Каниво спросил, смеясь:

— Уж не кролик ли туда забрался? Верно, принял дырку в ухе за нору, — видит, кругом колючки растут.

Постой, — сейчас я тебе его спугну.

И Каниво, сложив руки рупором, начал подражать лаю гончих, бегущих по следу. Он тявкал, выл, подвизгивал, лаял. Все в дилижансе расхохотались, даже учитель, который никогда не смеялся. Но так как Бельома, по-видимому, рассердило, что над ним смеются, кюре переменил разговор и сказал, обращаясь к дюжей жене Рабо:

— У вас, говорят, большая семья?

— Еще бы, господин кюре… Нелегко детей растить! Рабо закивал головой, как бы говоря: “Да, да, нелегко их растить!»

— Сколько же у вас детей?

Она объявила с гордостью, громко и уверенно:

— Шестнадцать человек, господин кюре! Пятнадцать от мужа!
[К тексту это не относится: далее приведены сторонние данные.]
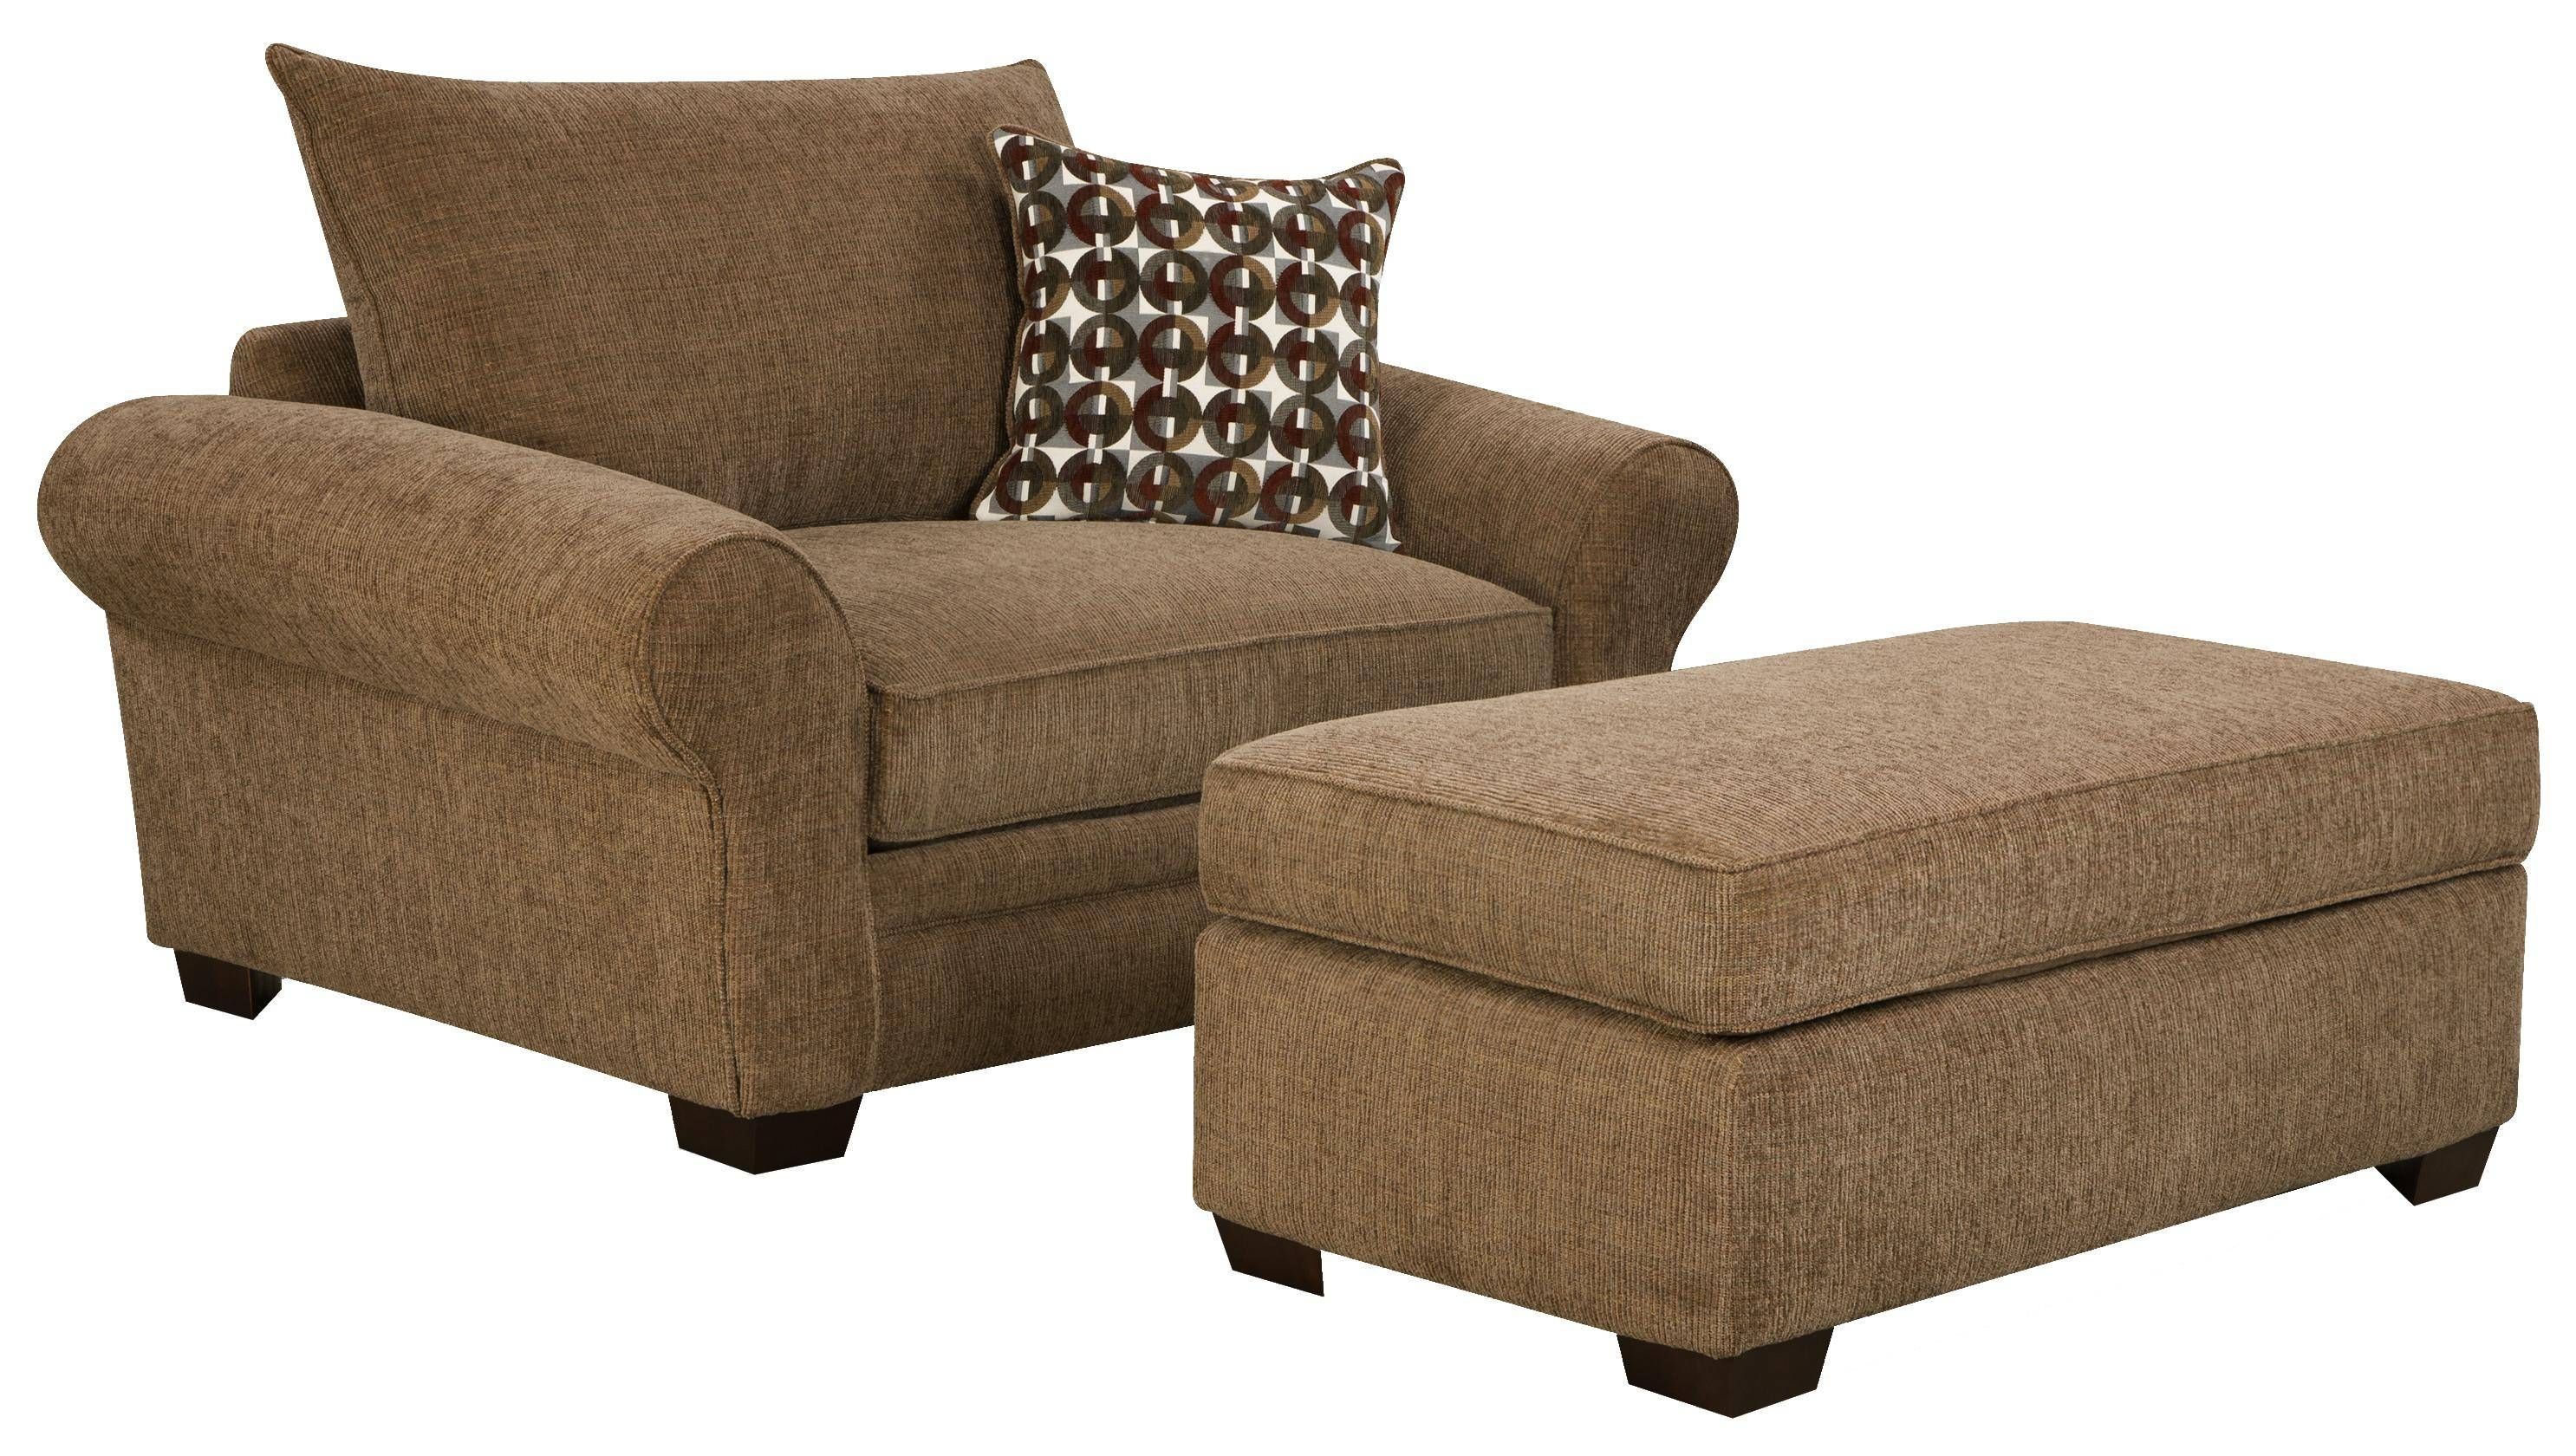 Chairs With Ottomans For Living Room Living Room Design And Living Within Sofa Chair With Ottoman (View 2 of 30)

Рабо заулыбался и еще усиленнее закивал головой.

Он сделал пятнадцать человек ребят, один он, Рабо! Жена сама в этом призналась! Значит, и сомневаться нечего. Черт возьми, ему есть чем гордиться!

А шестнадцатый от кого? Она не сказала. Это, конечно, первый ребенок? Все, должно быть, знали, потому что никто не удивился. Даже сам Каниво оставался невозмутимым. Бельом снова принялся стонать:

— Ох! м-м.., м-м.., м-м.., ох, как ухо свербит внутри!.. Ох, больно!..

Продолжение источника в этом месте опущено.